PROBLEM TO WORK ON → The data below should be printed in full, exactly, and without any of its images.

SUPPLIED MATERIAL →

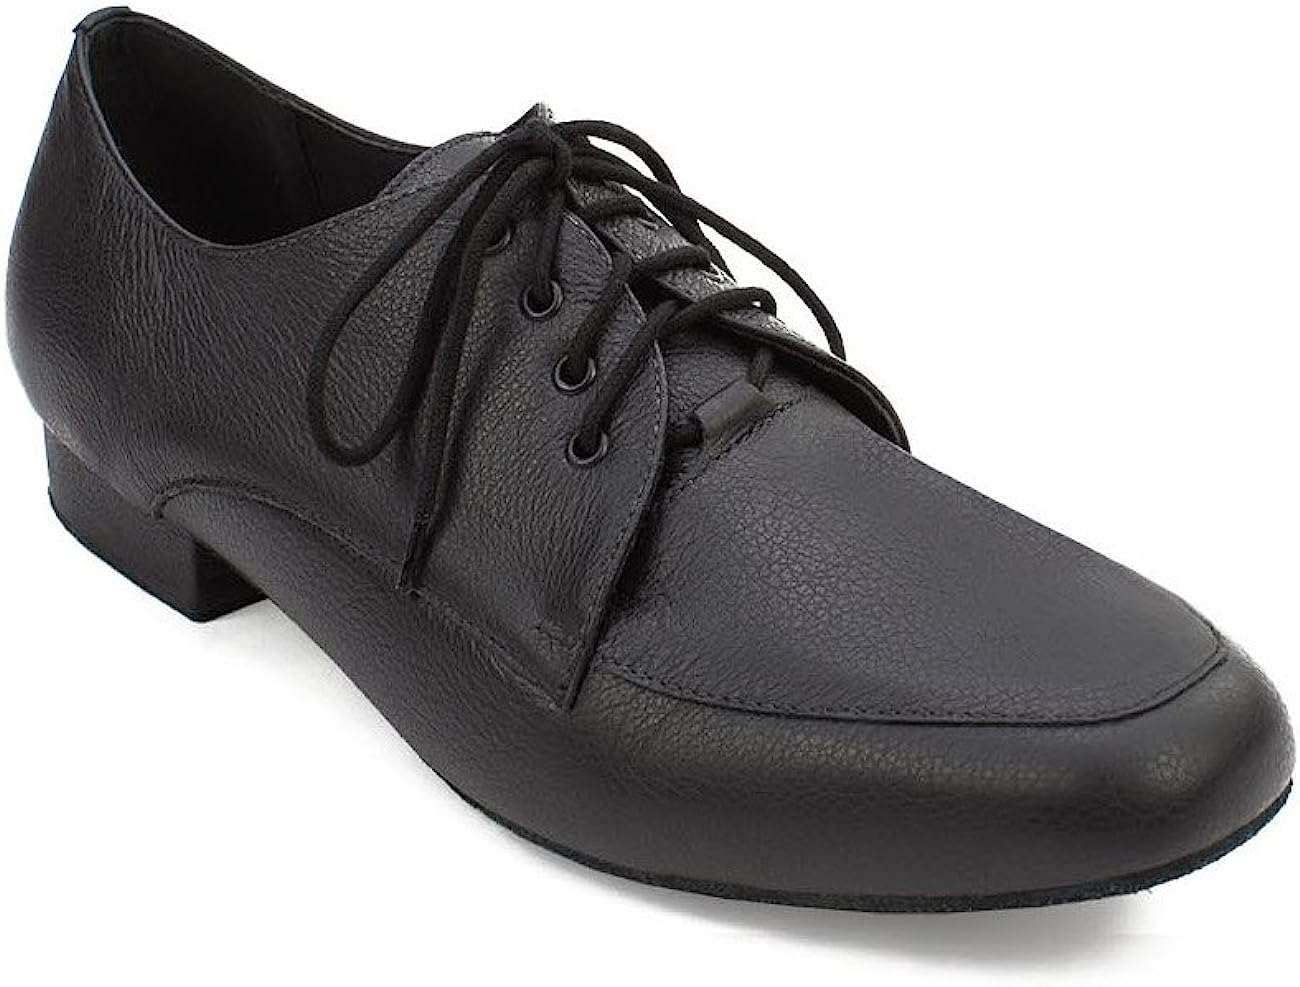 Men's Classic Leather Ballroom Shoe
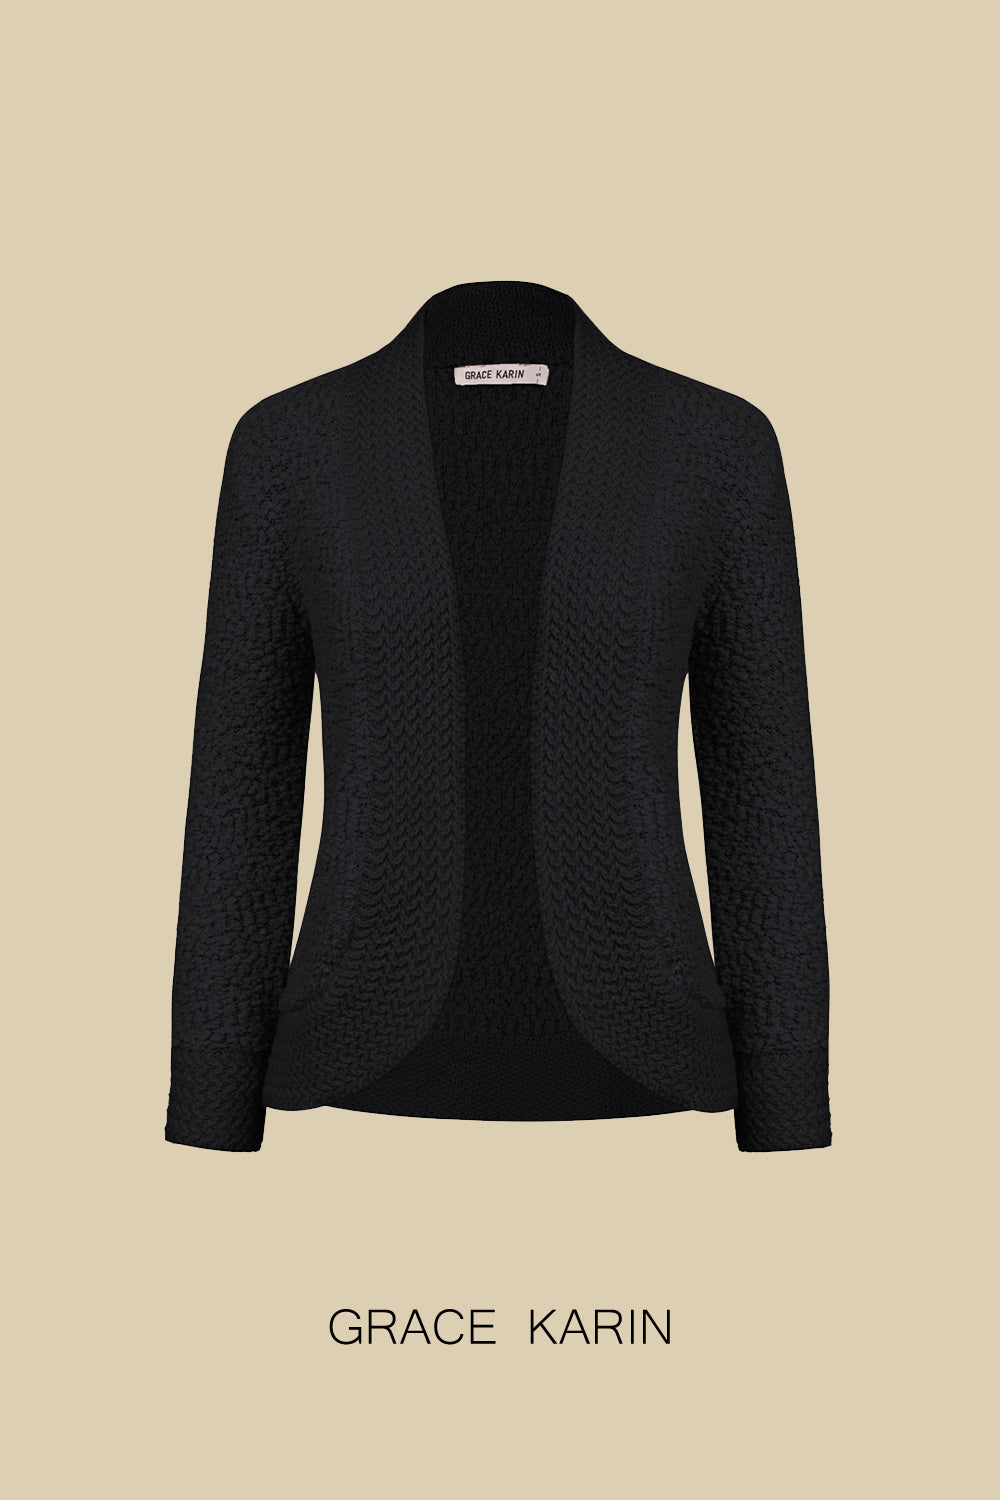 GK Women Contrast Fabric Cardigan Long Sleeve Open Front Irregular Hem Sweater
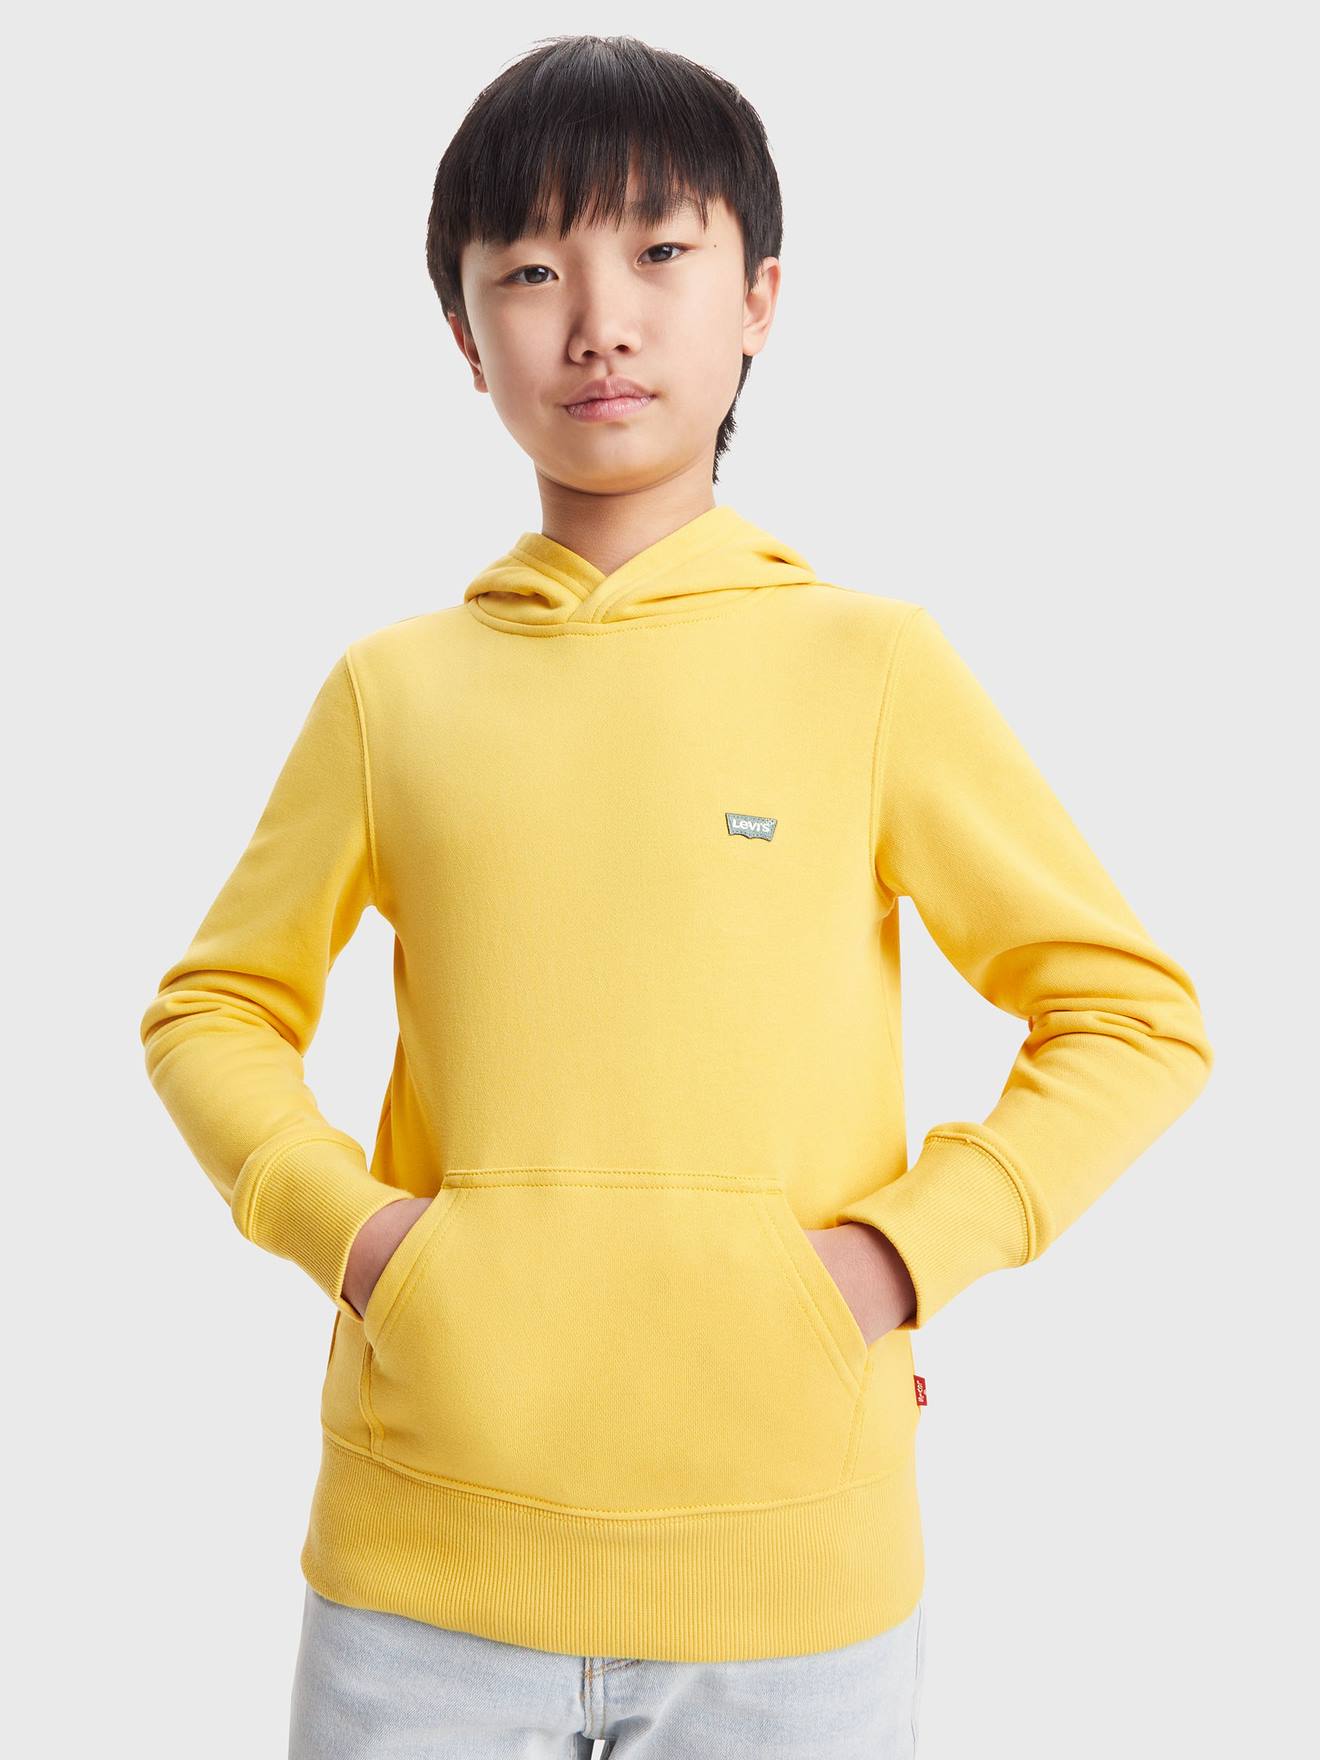 Hooded Sweatshirt for Babies, LVB Mini Batwing by Levi’s(r) mustard
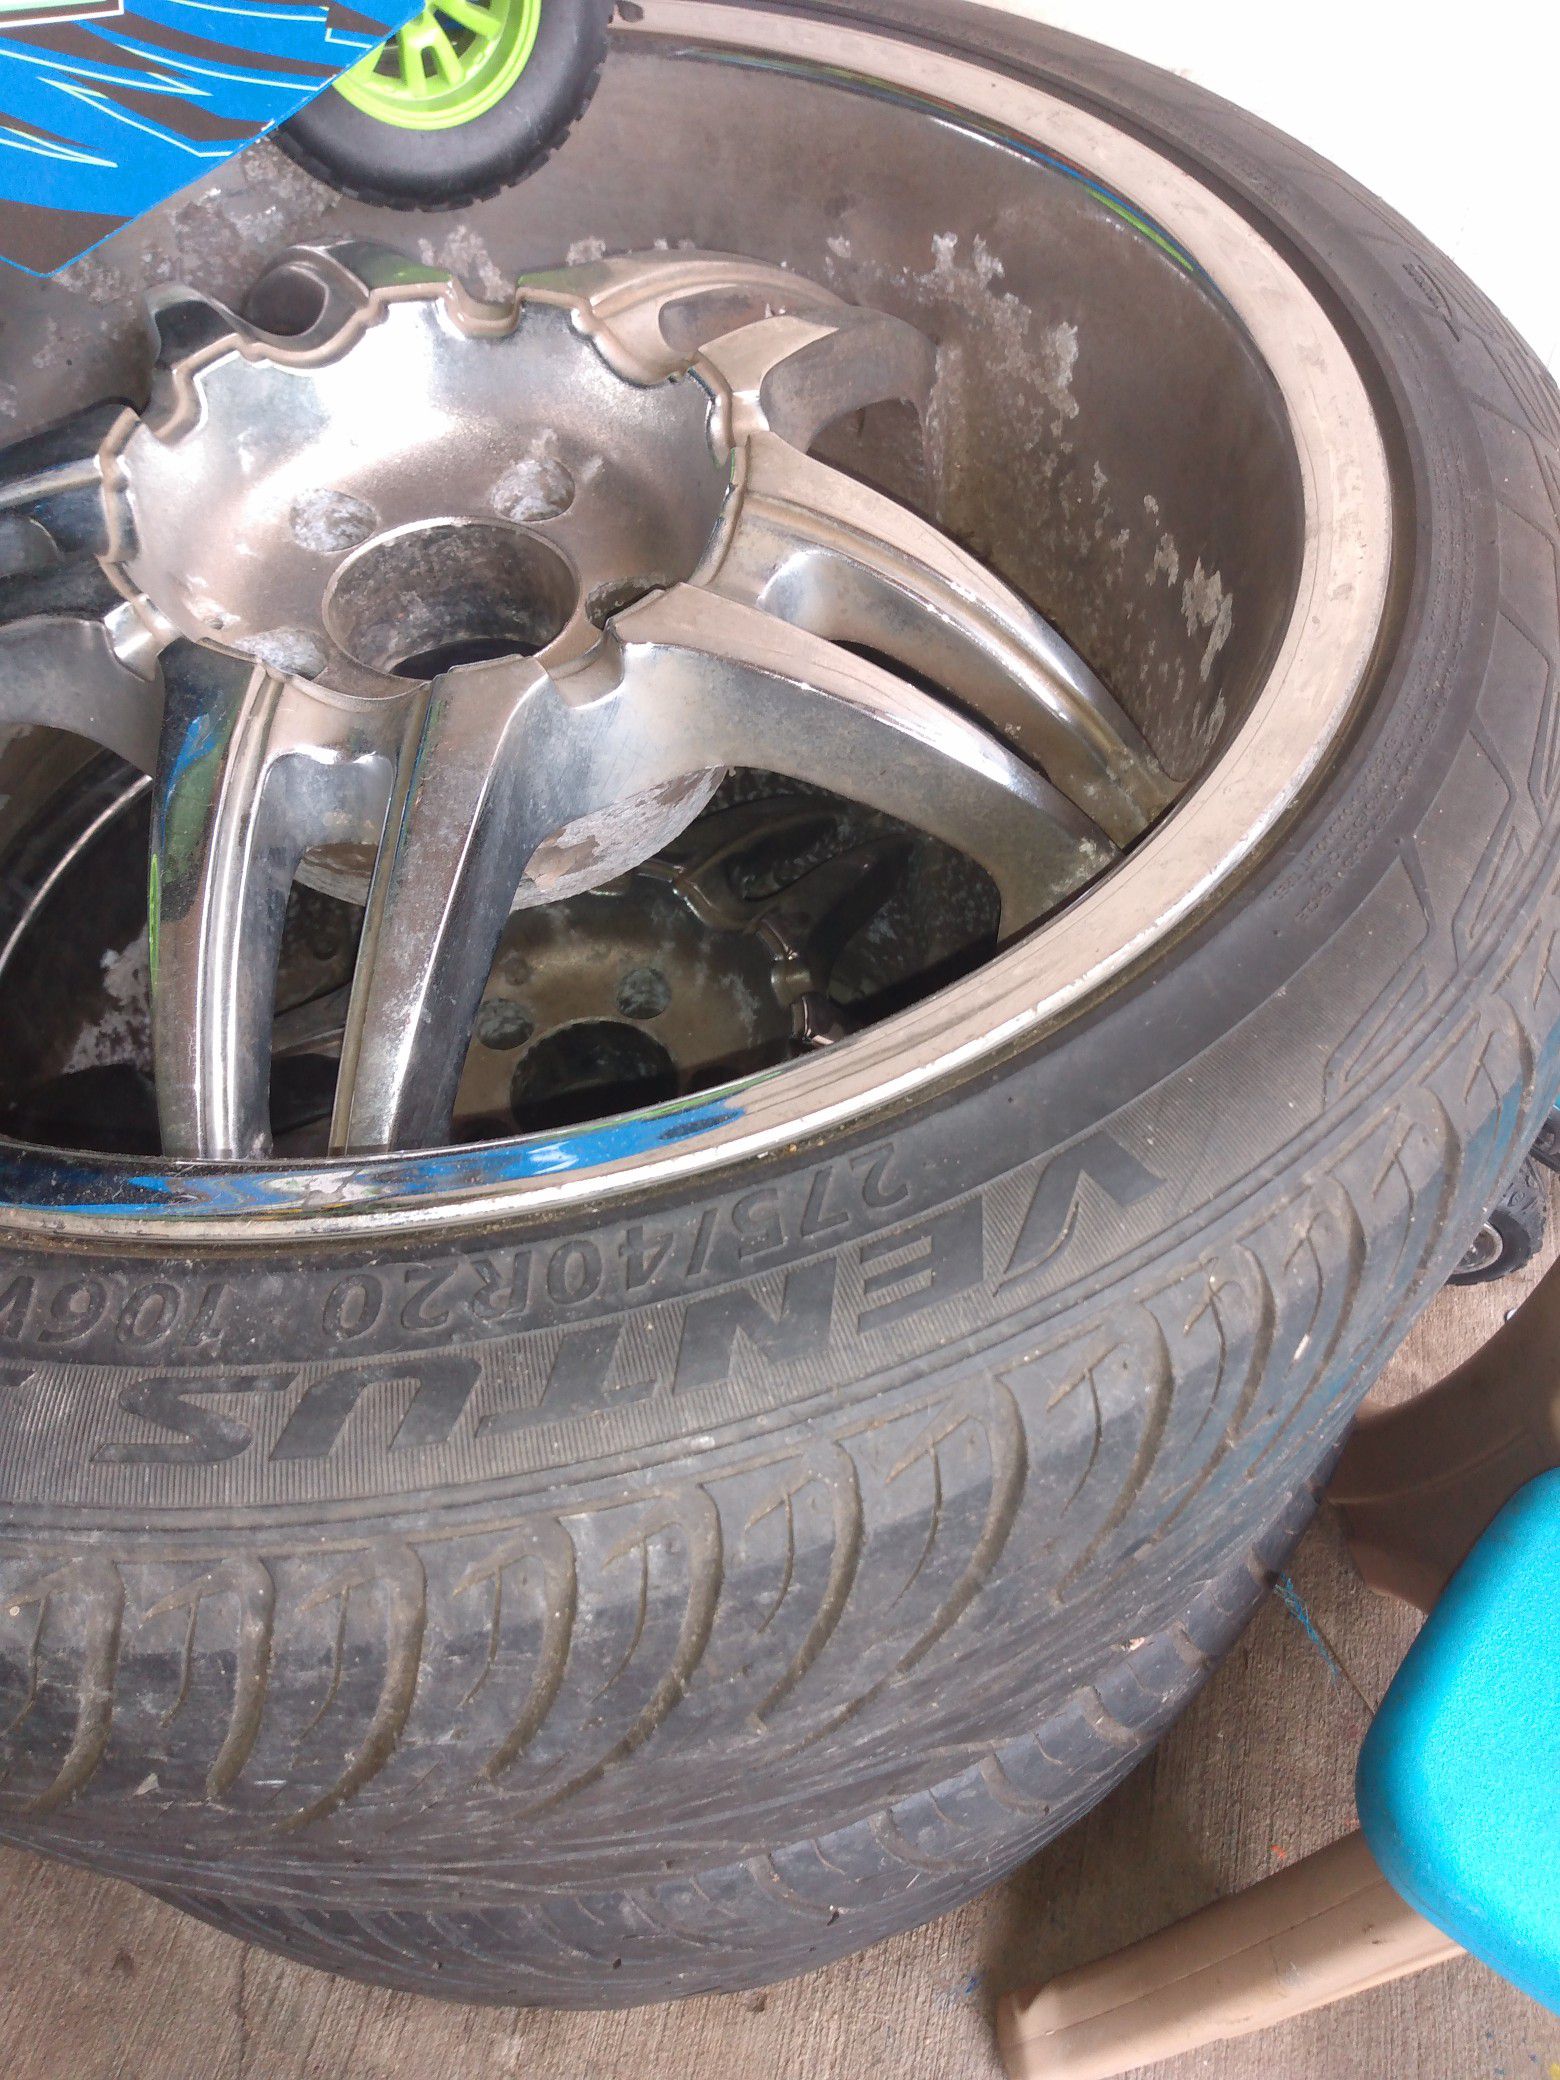 20 inch rims n good tires

OUTPUT FOR THIS EXERCISE →
 Men's Classic Leather Ballroom Shoe
 GK Women Contrast Fabric Cardigan Long Sleeve Open Front Irregular Hem Sweater
 Hooded Sweatshirt for Babies, LVB Mini Batwing by Levi’s(r) mustard
 20 inch rims n good tires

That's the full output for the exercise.